• DATA SECTION:
++++++

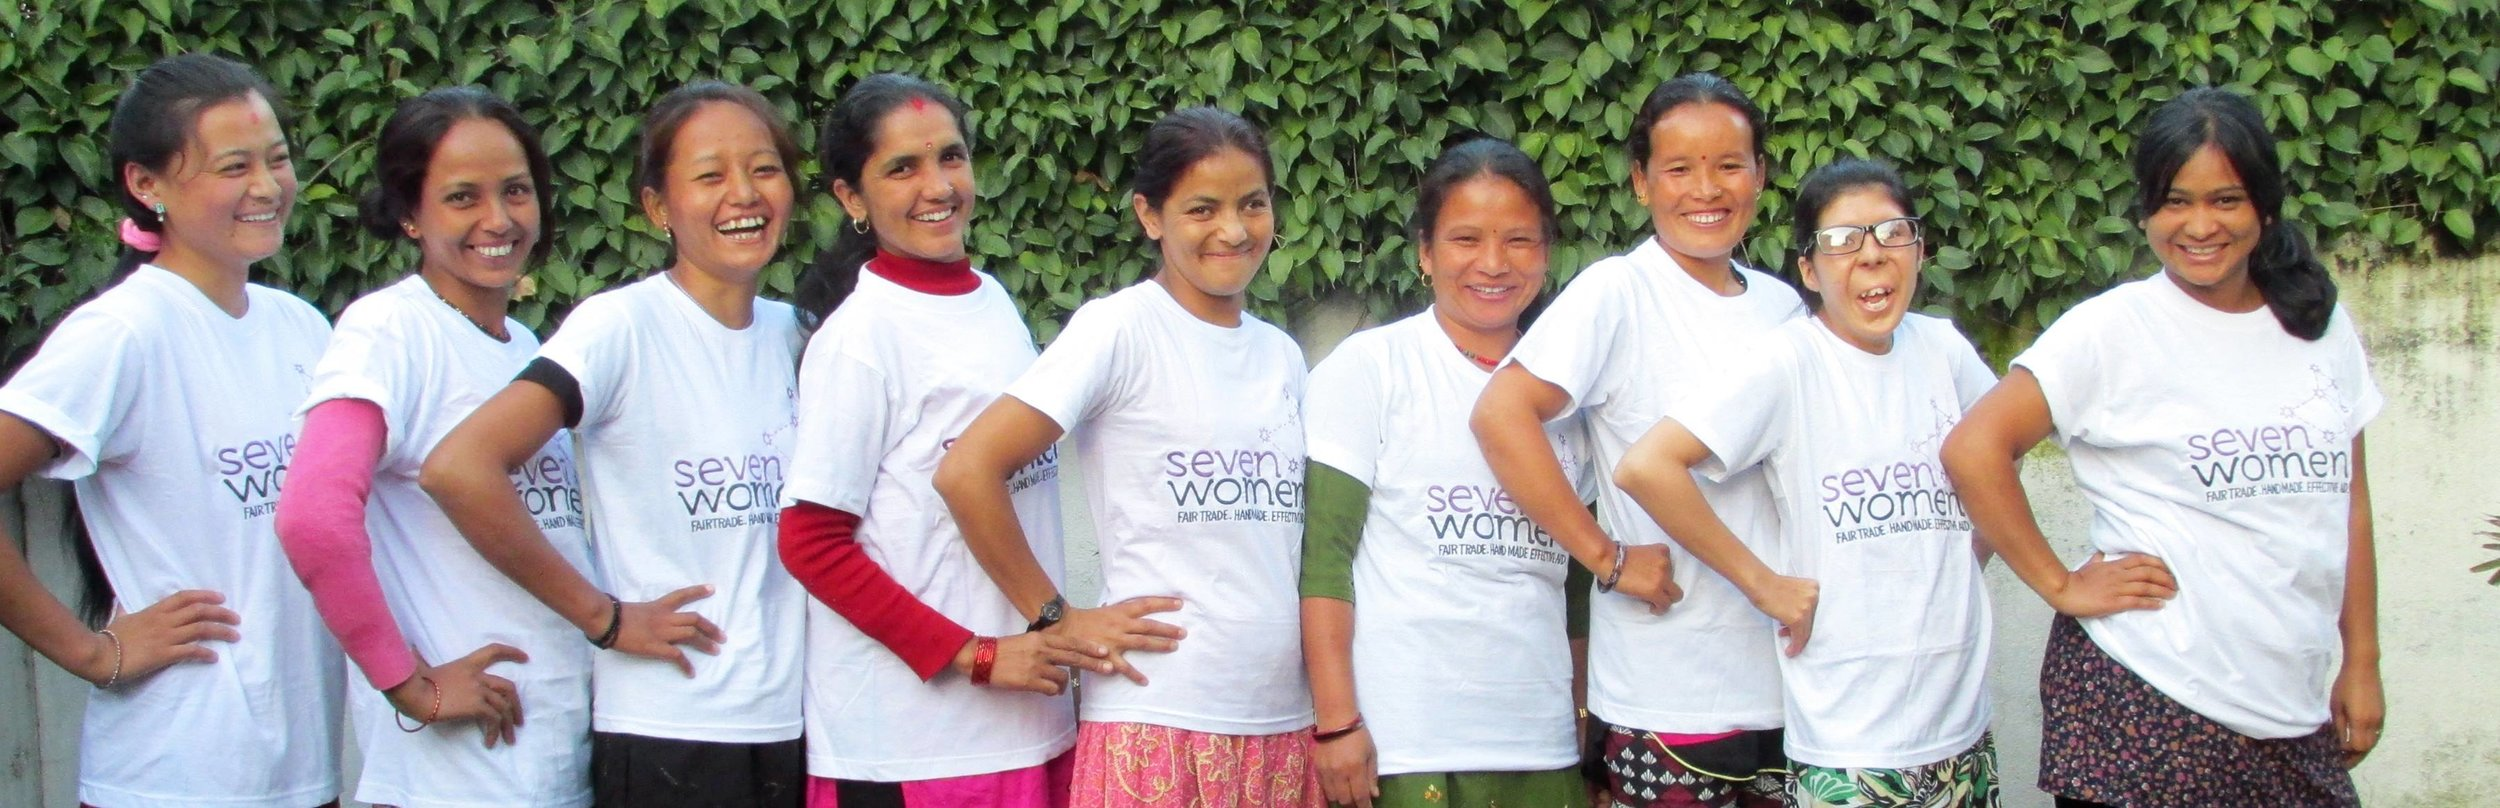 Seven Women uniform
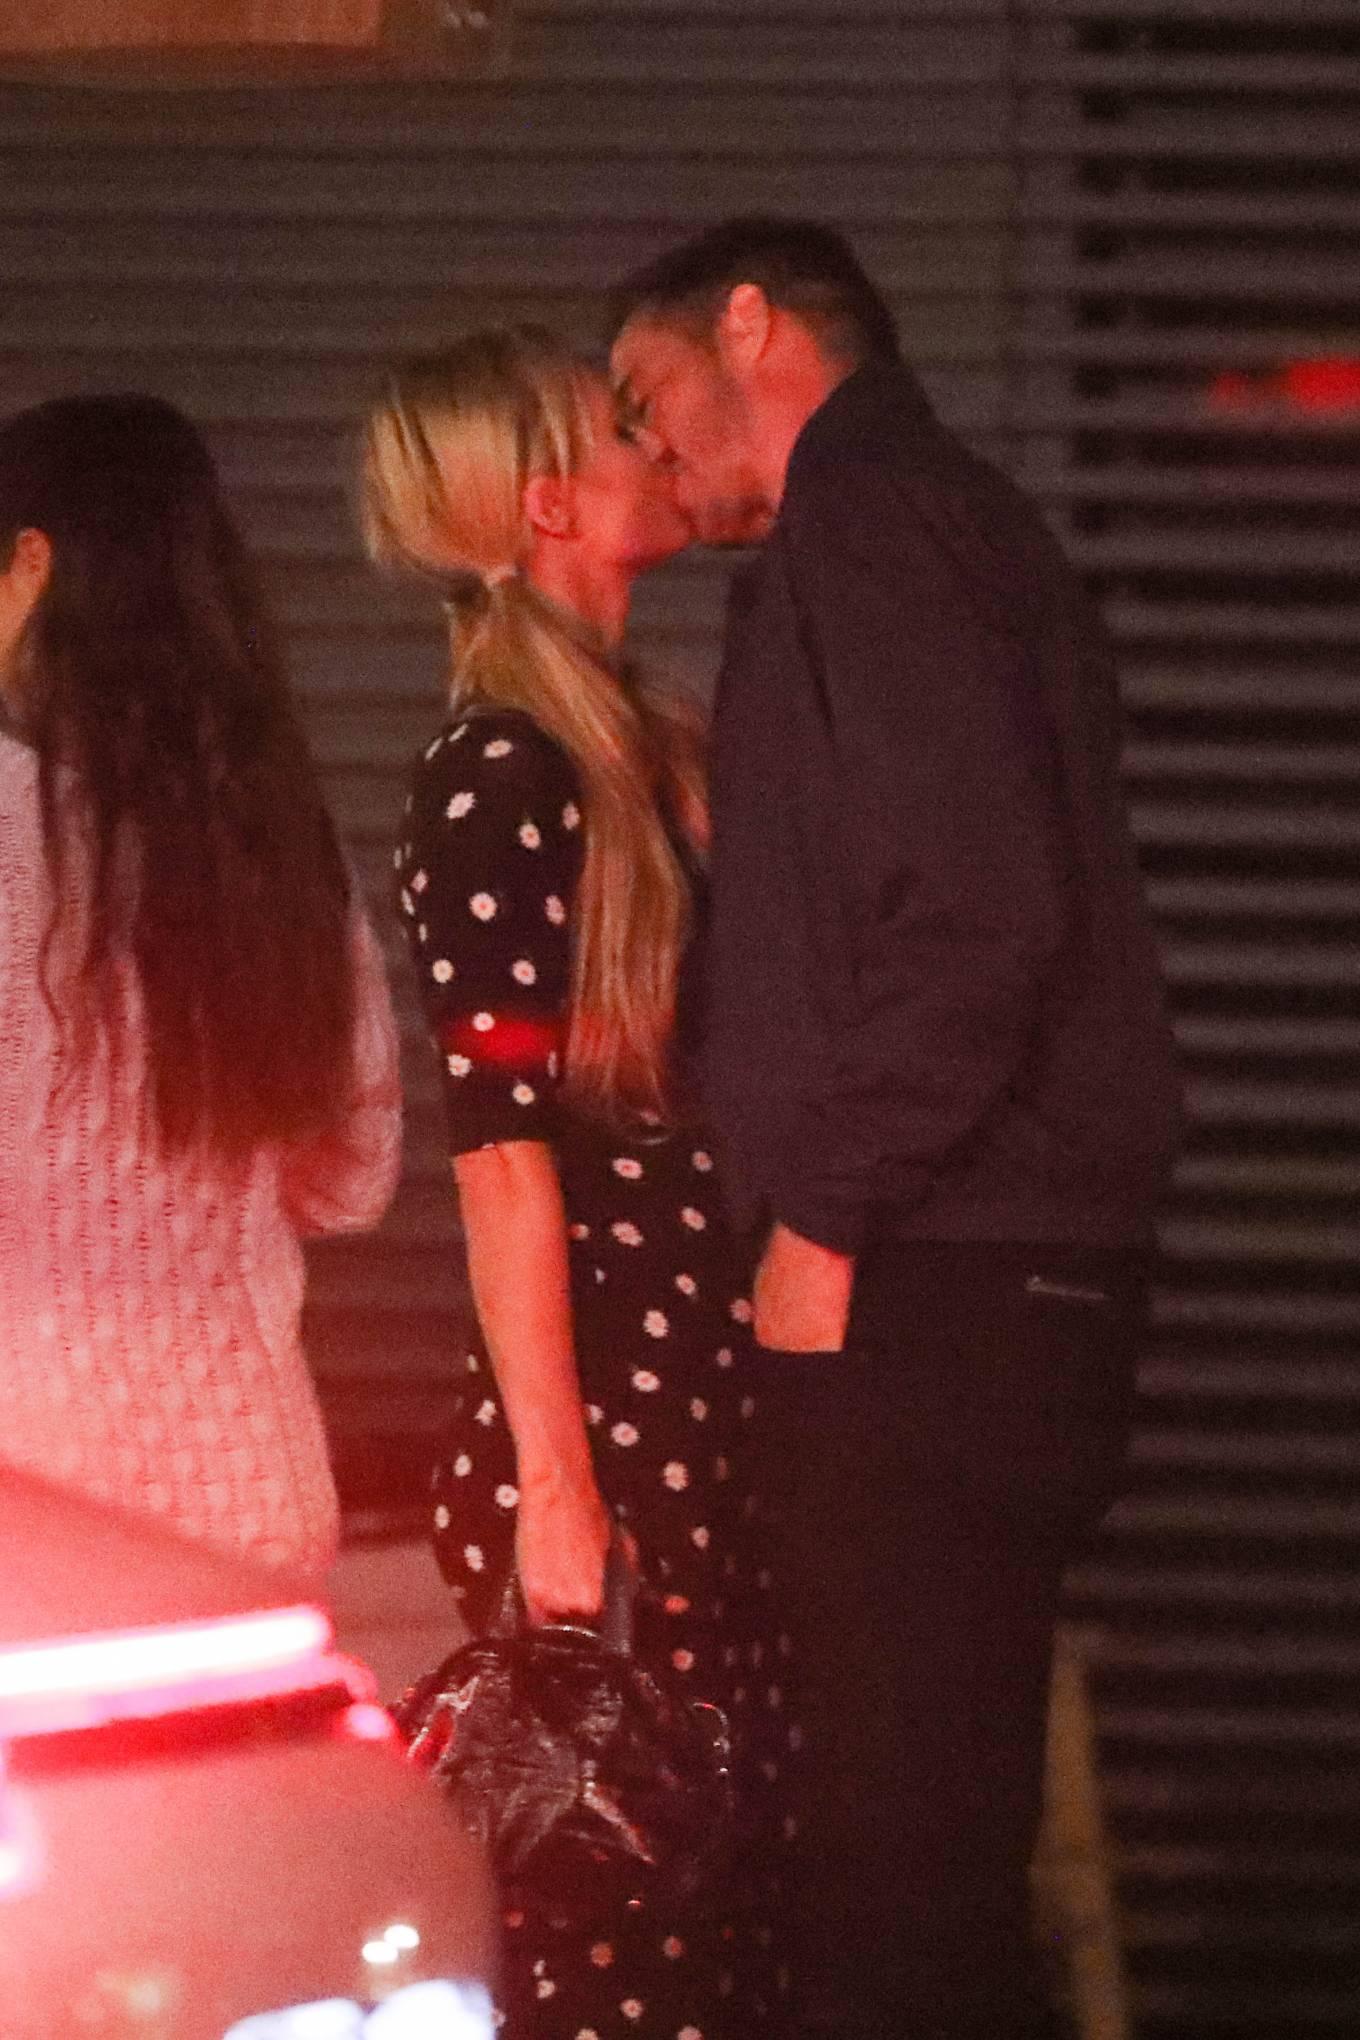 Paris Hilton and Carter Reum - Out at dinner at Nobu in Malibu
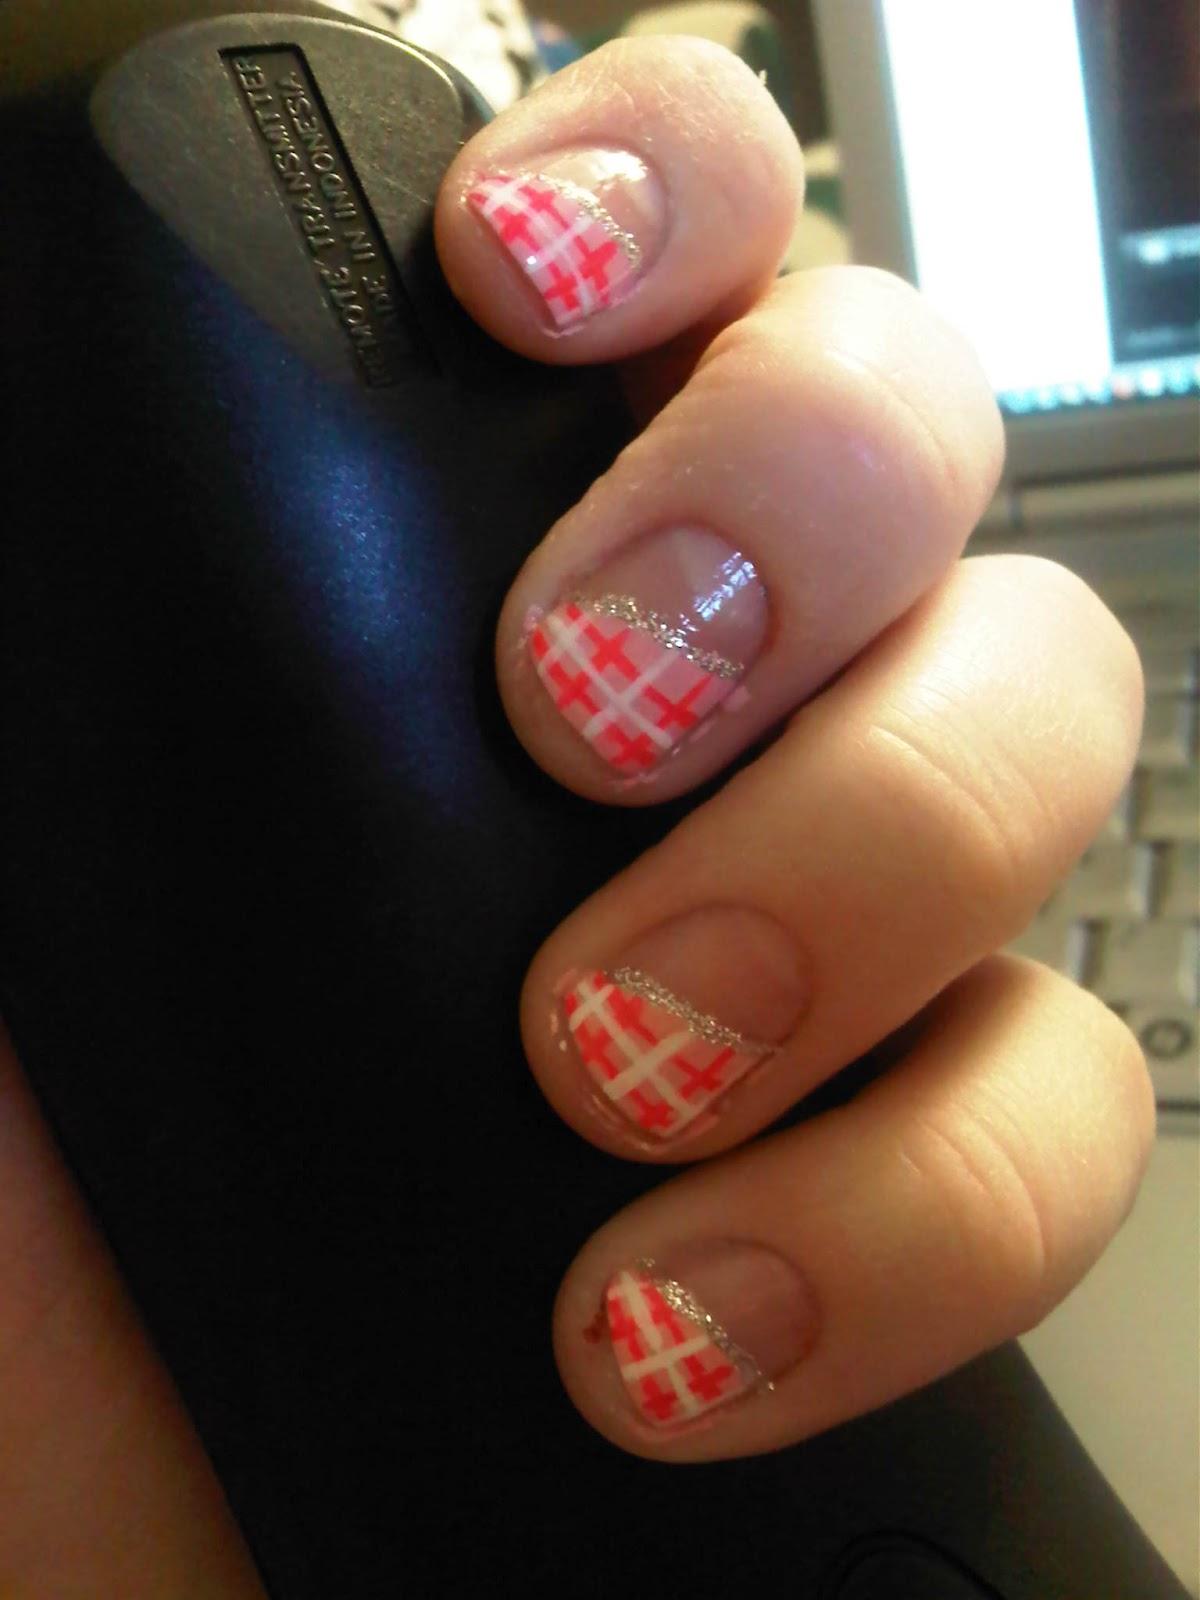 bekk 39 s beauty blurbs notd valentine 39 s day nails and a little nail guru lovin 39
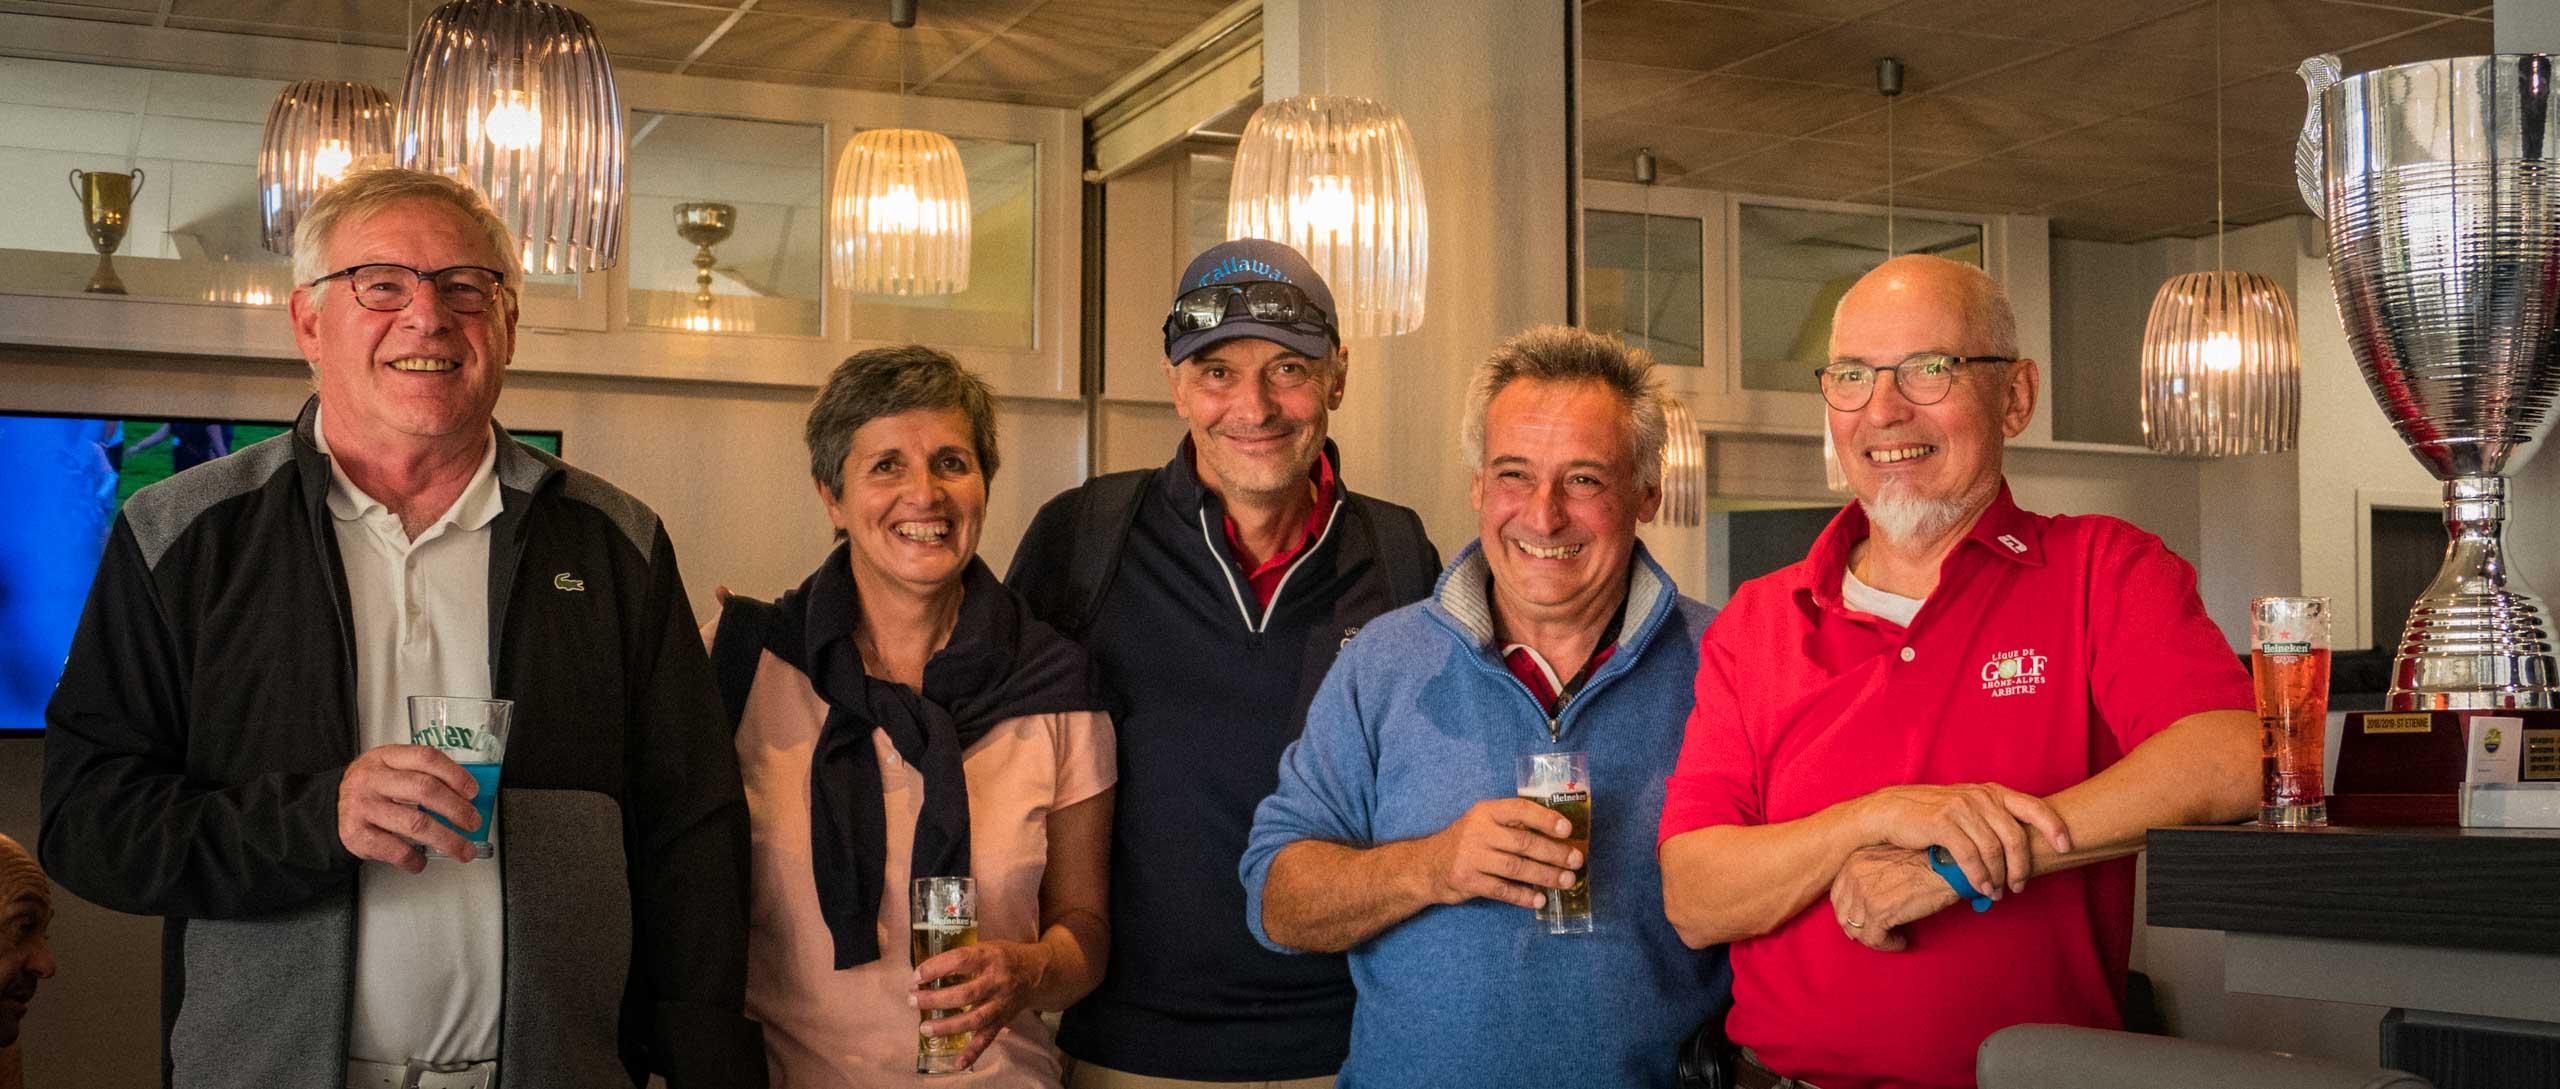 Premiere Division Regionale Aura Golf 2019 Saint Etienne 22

++++++

• WORK REQUEST: Give the data again word for word, without pictures.

• RESPONSE AREA:
 Seven Women uniform
 Paris Hilton and Carter Reum - Out at dinner at Nobu in Malibu
 bekk 39 s beauty blurbs notd valentine 39 s day nails and a little nail guru lovin 39
 Premiere Division Regionale Aura Golf 2019 Saint Etienne 22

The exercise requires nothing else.